Варенцов и Брусникина

Варенцов и Брусникина
* * *
За морем сияло небо. Над морем сгущались тучи.
Как и надлежит буревестнику, рея между тучами и морем – точнее, в стенах родного офиса – не находил себе места Шеф, региональный представитель одного из крупнейших российских холдингов:
– Копают, снова копают! Узнаю, кто стучит – быренько ласты склеит…
Шеф чуял бурю, а буря, затаившись, караулила Шефа.
Из Москвы нагрянул с аудитом финдиректор столичного офиса Иван Сергеевич Варенцов. Со времён истории с городничим свет божий не видывал столь гадкого визитёра! Представьте: отказался от угощения, потом от Маши, Саши и Даши.

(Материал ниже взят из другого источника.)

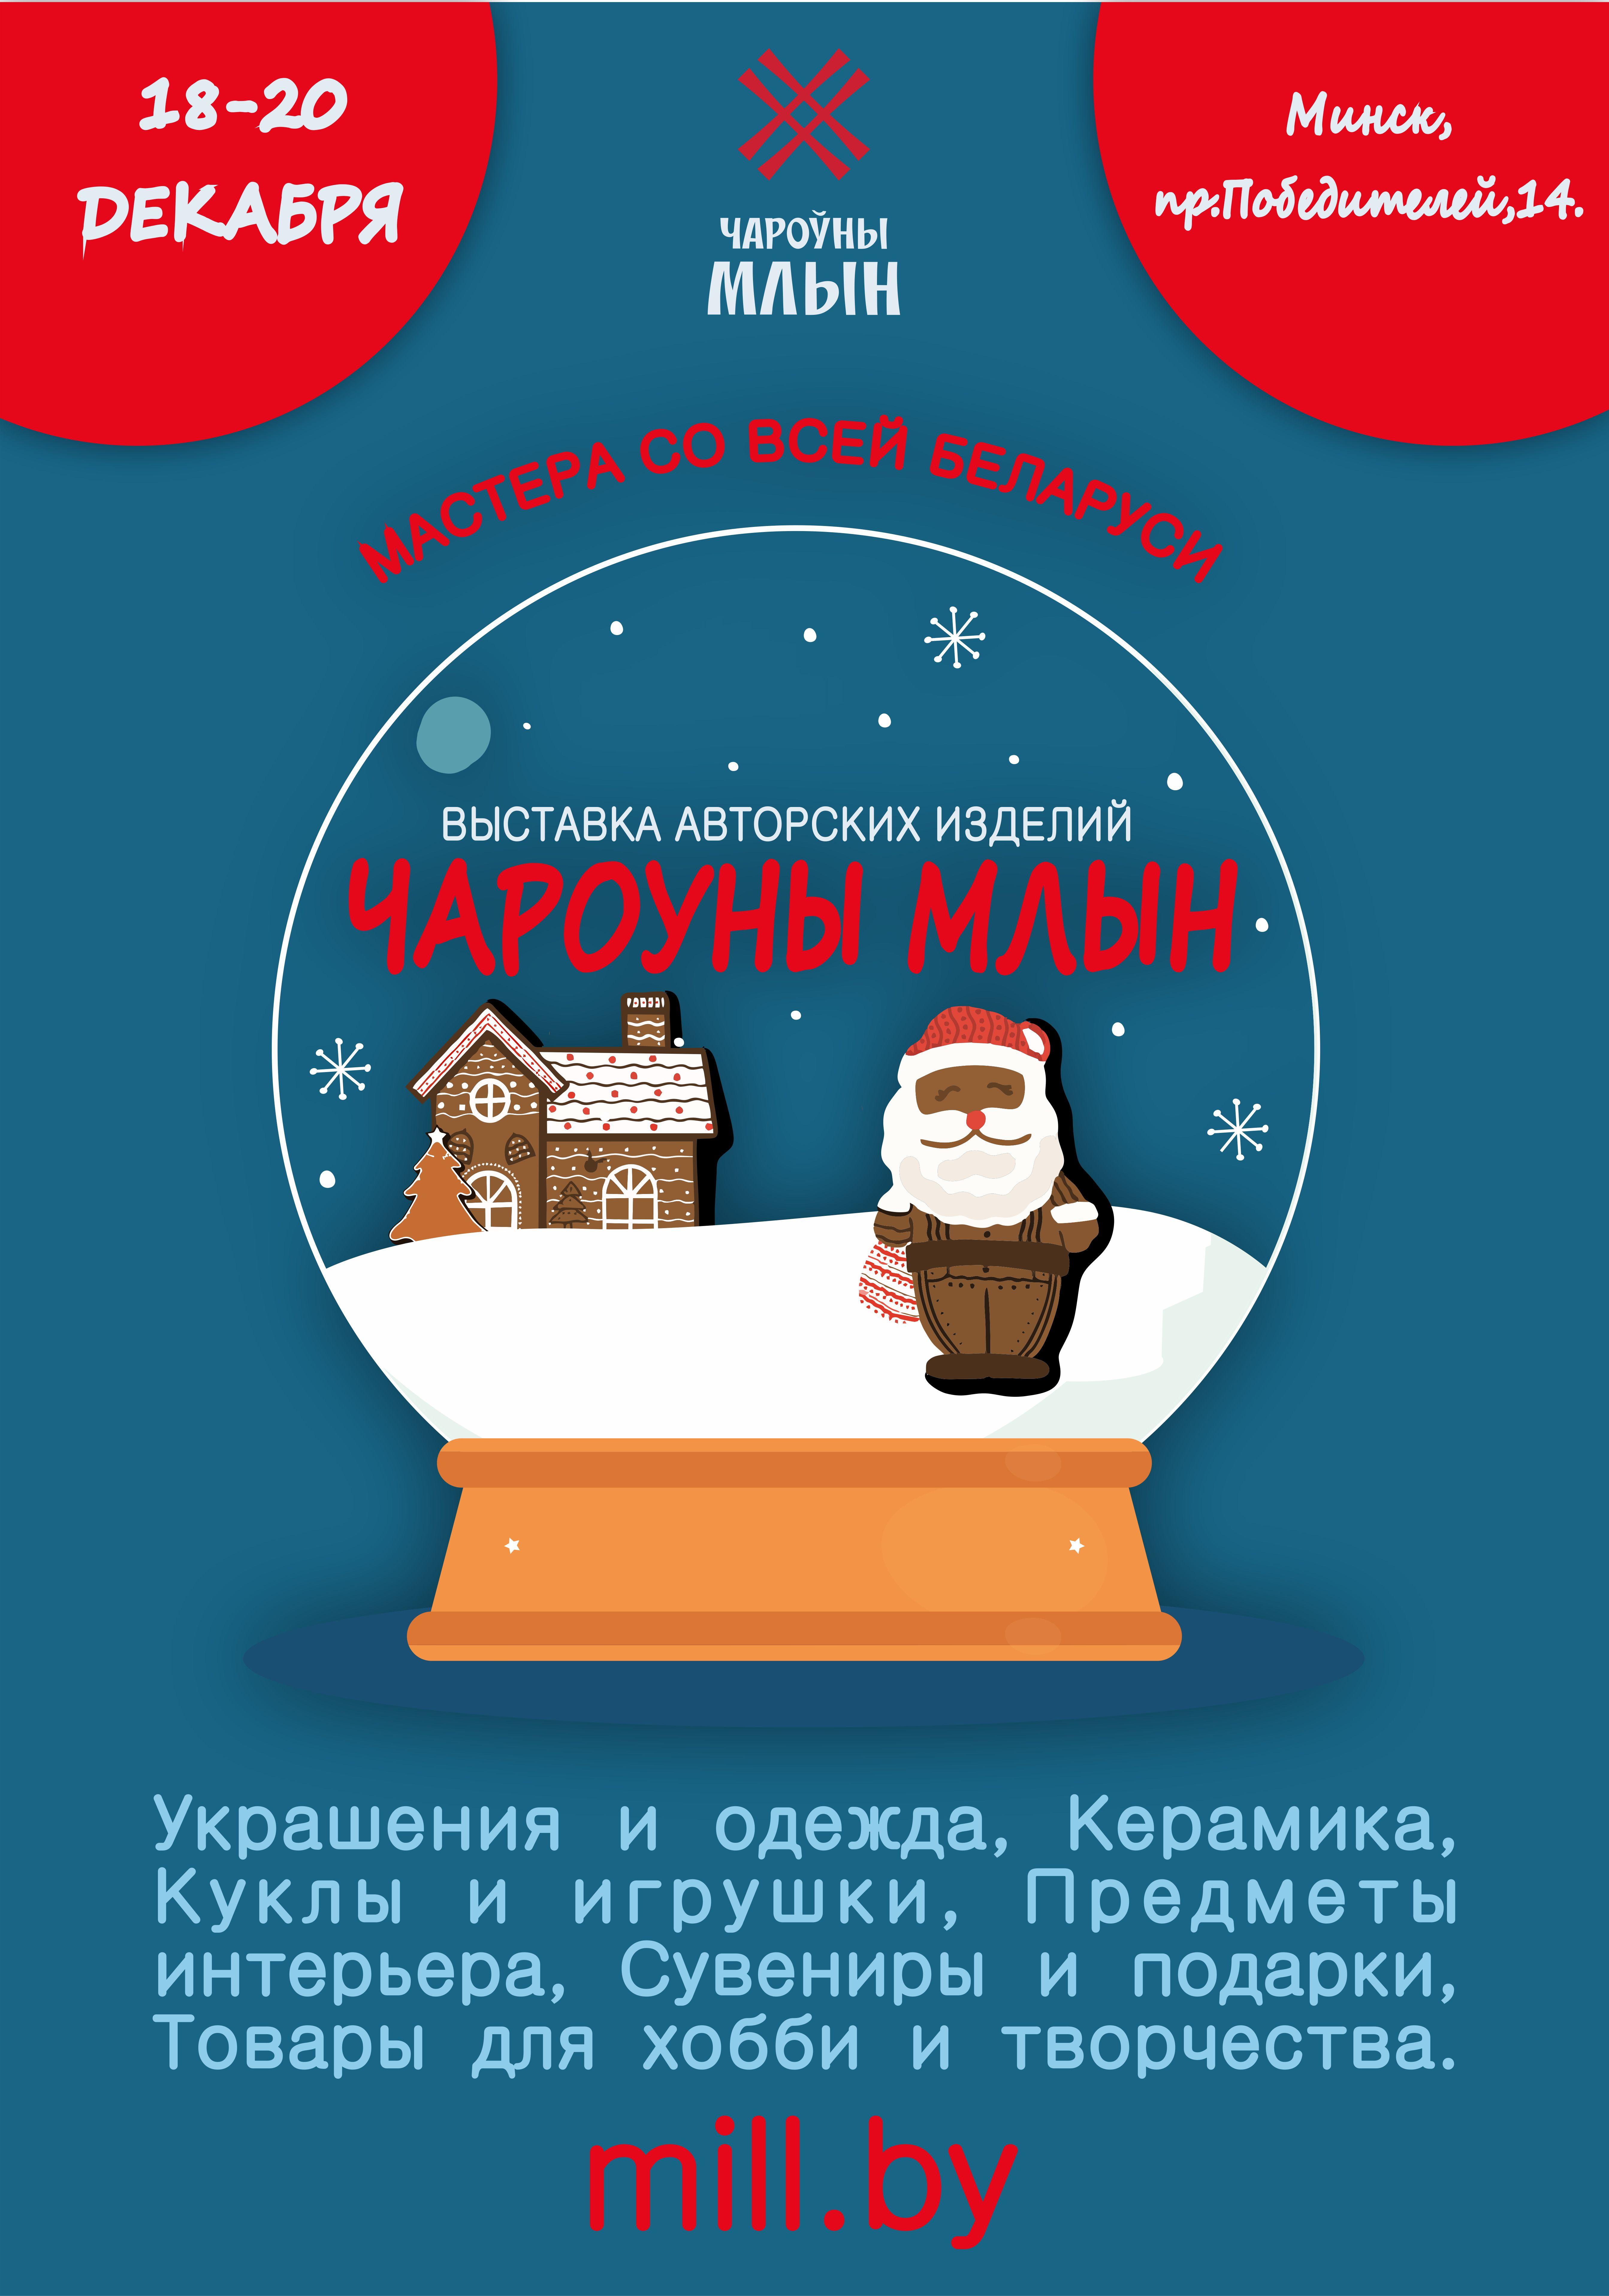 Дизайн новогодней афиши для выставки изделий ручной работы фото f_5035f8db4000af03.jpg

Потом от экскурсии к перевалу, охоты на редкого зверя «горный каз-зёл» и плавания со скафандром. Взглянув на белый конверт без марки, гость рассмеялся негромко, едва не плюнув в унылые очи Шефа. Простучав закрома и схроны, заперся Варенцов с Забадеевым и вычерпал бухгалтера Черноморского филиала до дна черепной коробки.
– Ни в горы, ни в сауну! – тосковал покинутый Шеф. – Забыли, с чьей вы ладошки кормитесь! Лизавета, найди Брусникину… нет, завтра мы вместе поужинаем! И мохито будет, и ожерелье… и негры со стриптизом! Что значит, сам обещал?! Настоящие мужчины, Лиза, всегда обещают больше, чем делают. Это их главный фетиш. Что значит фетиш? Это когда ты ногти грызёшь, зная, что по уху прилетит. Ладно, не хнычь. После споём с тобой, Лизавета, хы-хх. Спровадим выползка на малую родину и споём… а может, и станцуем. Не ной, я сказал! Ноги в руки… в собственные руки, дур-рында! Послал бог помощничка, наказал за мои грехи!
Офис филиала был взбаламучен. Охваченная безумием, пустилась в пляс круговерть планктона. Что вам сказать про Брусникину? Завсектором Ирина Брусникина была прекрасна, как смертный грех. Что может быть прекрасного в смертном грехе? Запретность, что же ещё. Брусникина была соткана из запретов. Манила к себе, как одинокий блюз забытого в ночи саксофона.
Шеф выдумал сто версий для появления завсектором в начальственном кабинете, но… Варенцову было решительно некогда, и дверь в отведённый ему не приёмный покой он разве что засовом не заложил.
Муки творчества, брошенные на алтарь финансовой ревизии, конечно же, померкнут на фоне поэтического вдохновения и прочих поисков не затёртых эпитетов. Тем не менее, они, эти муки, тоже требуют полной сосредоточенности, каковую Варенцов снискал, усевшись к вечеру на скамейке под огромным платаном, намертво вросшим в землю в трёх шагах от санаторного пляжа.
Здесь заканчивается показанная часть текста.